Thursday, July 2, 2020

EU and UNICEF partner to prevent malnutrition in children during Covid-19 crisis

The European Union (EU) and UNICEF have expanded their partnership on nutrition to prevent malnutrition in children due to the socio-economic impact of the ongoing Covid-19 crisis.
The socio-economic impact of the Covid-19 crisis has led to many vulnerable families across Nepal, being pushed into deeper poverty and has resulted in more children becoming malnourished. Furthermore, with Female Community Health Volunteers no longer able to regularly visit families to monitor the nutrition and health status of babies, young children and mothers in the Covid-19 physical distancing context, this has also reduced families’ access to health services.
The additional EU contribution of 250,000 euros to the existing joint ‘Partnership for Improved Nutrition’ will support the 'Family MUAC' intervention and empower parents and caretakers to themselves monitor the health of their children. “This contribution will support new interventions enabling parents and caregivers to assess the nutritional situation of their children using a mid-upper arm circumference (MUAC) tape in 308 local governments, across 30 districts,” according to a press note issued jointly by EU and UNICEF. “This will facilitate the early detection and referral of children with acute malnutrition to the nearest Outpatient Therapeutic Care Centres and Nutrition Rehabilitation Centres, while reducing the exposure of Female Community Health Volunteers and the community to the virus,” it reads, adding that the existing Multi-Sector Nutrition Plan (MSNP) volunteers, based in all local governments, will facilitate this new intervention and the contribution will also provide essential supplies such as ready-to-use therapeutic food.

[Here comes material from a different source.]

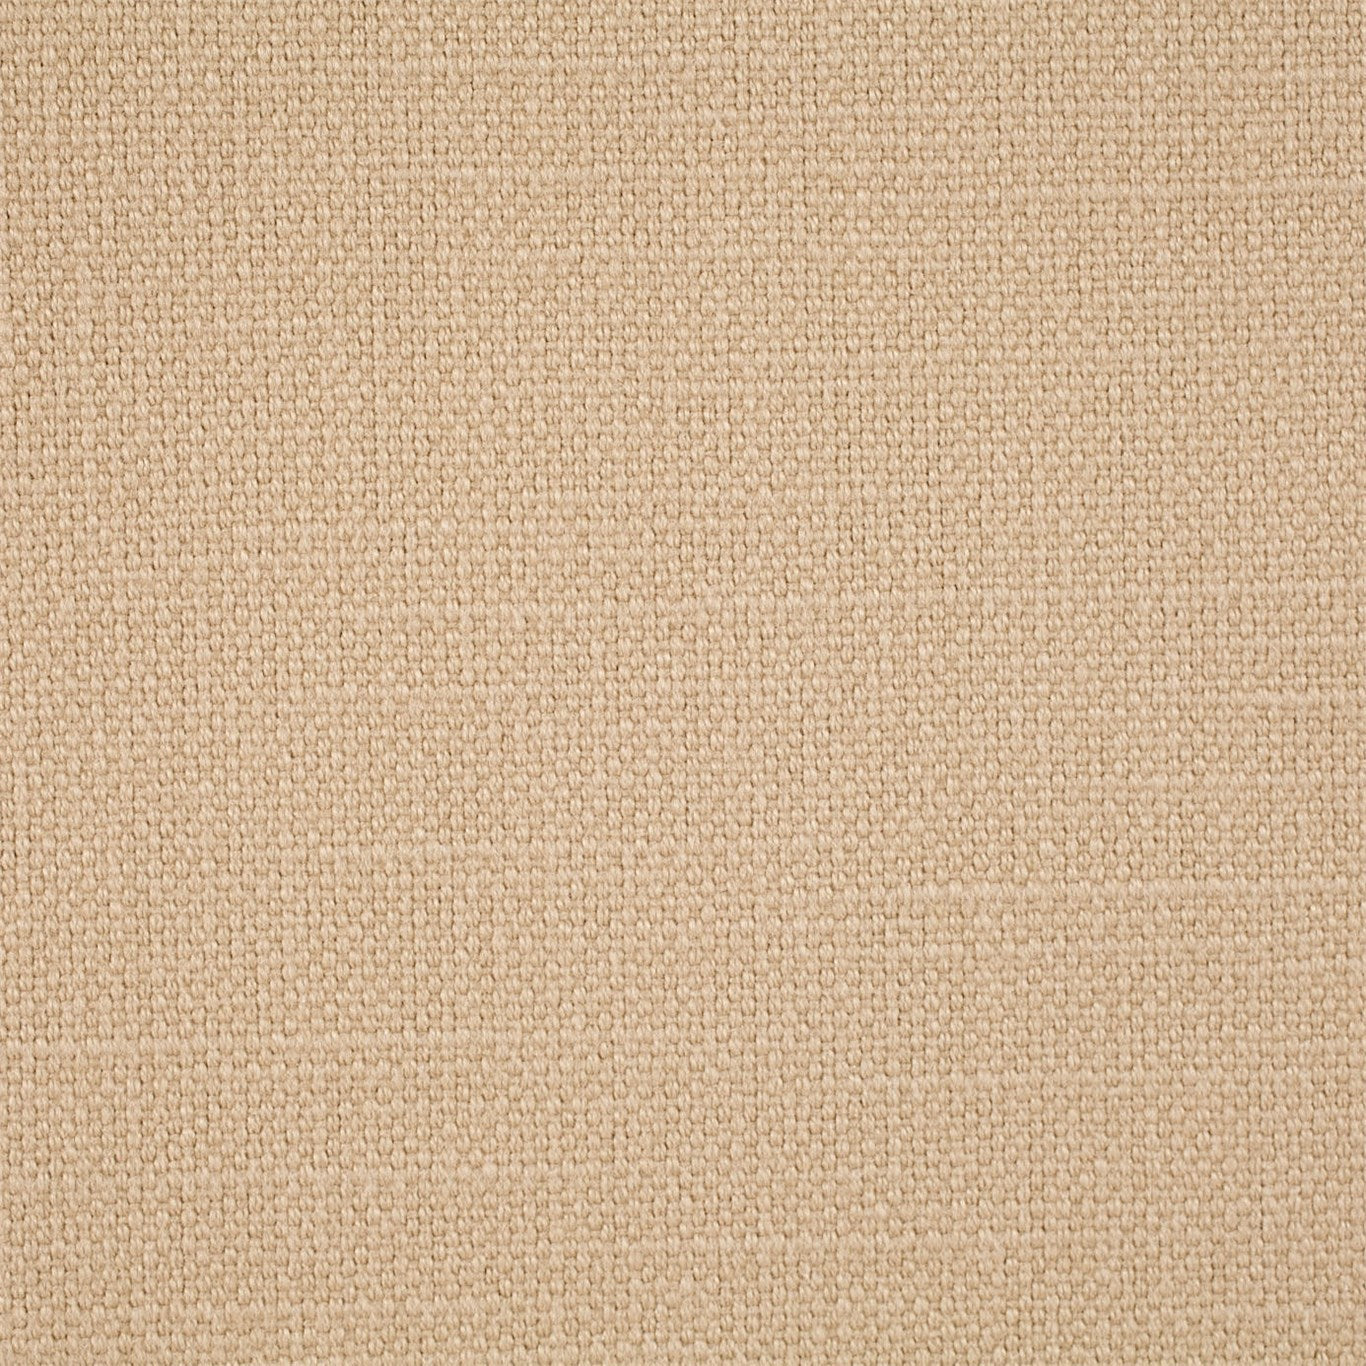 Arley Fabric by Sanderson - DALY245806 - Beige
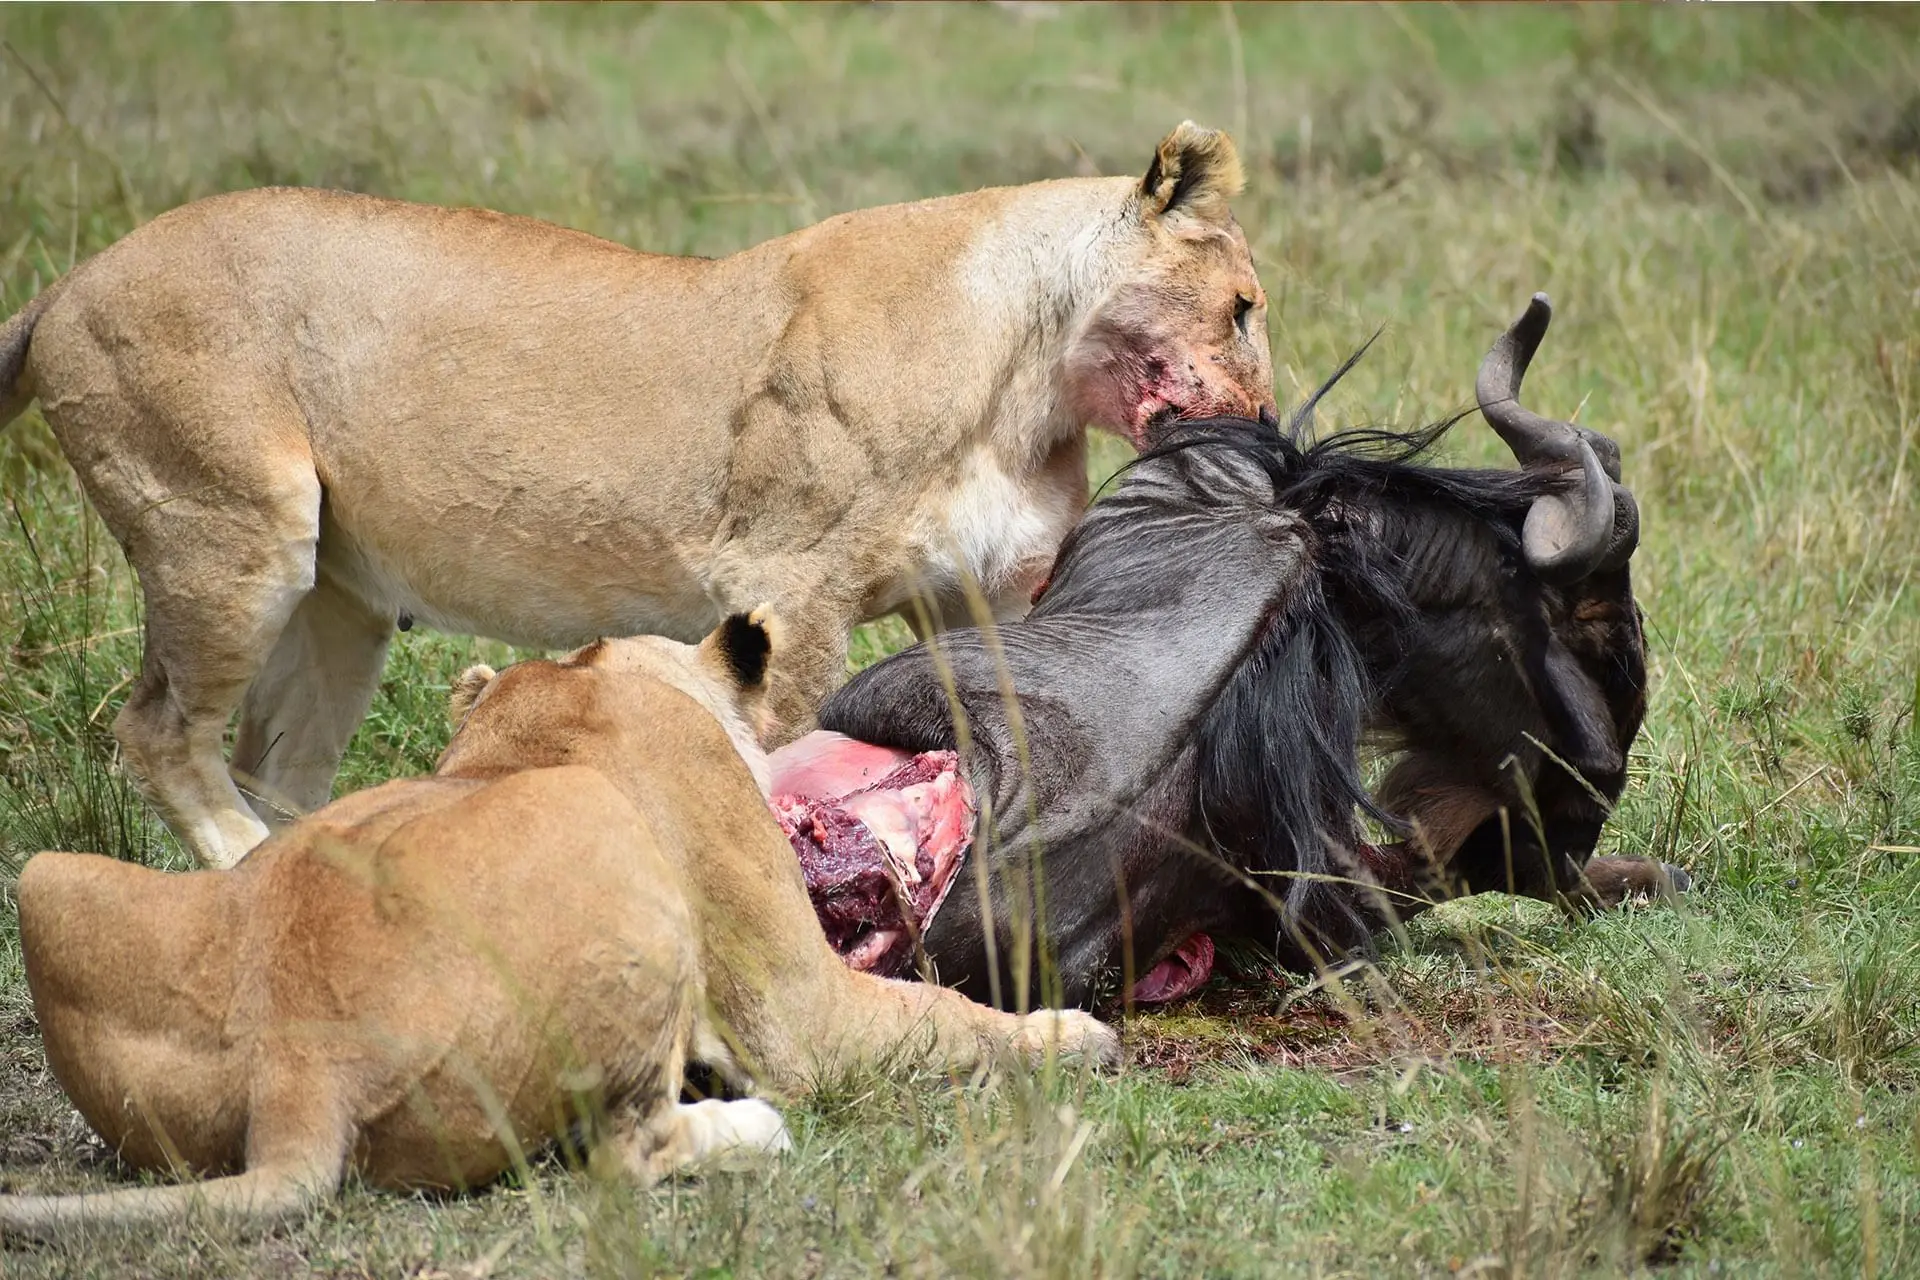 Unique wildlife encounters Kenya - Lions in Masai Mara National Park Kenya.

“During the last 10 years, the European Union has supported the government of Nepal to combat malnutrition, with tangible results,” EU ambassador to Nepal Veronica Cody said, adding, “However, the Covid-19 crisis is making this battle more difficult.”
Through increasing its financial support, the EU wants to send a strong signal to Nepal, the EU is and will be by your side to leave malnutrition behind,” she added.
“Across Nepal, the socio-economic impact of the Covid-19 crisis is putting children’s lives and their futures in jeopardy as progress made on children's nutrition in the last decade is at risk of being reversed as rising numbers of children are facing malnutrition due to loss of household income and resulting food insecurity,” UNICEF representative to Nepal Elke Wisch said, adding that the social and economic loss for Nepal resulting from the deterioration in children’s nutrition status will be felt long after the Covid-19 crisis is over. “The expanded partnership with the European Union is instrumental in addressing the worst deprivations and providing solutions for the most marginalised children.”
Since 2016, the European Union and UNICEF have been supporting Nepal to scale up the Multi-Sector Nutrition Plan (MSNP) across the 30 districts that have a high prevalence of maternal and child malnutrition. The key nutrition-specific interventions have included treating malnourished children, protecting, promoting and supporting breastfeeding and providing Vitamin-A and other micro-nutrients. The nutrition-sensitive interventions have included promoting hand washing, management of kitchen gardens, and ending early marriage, as well as supporting the related policies. This latest contribution will be shortly followed by a renewed EU support of 23.35 million euros, which will reinforce the implementation of the MSNP until the end of 2022.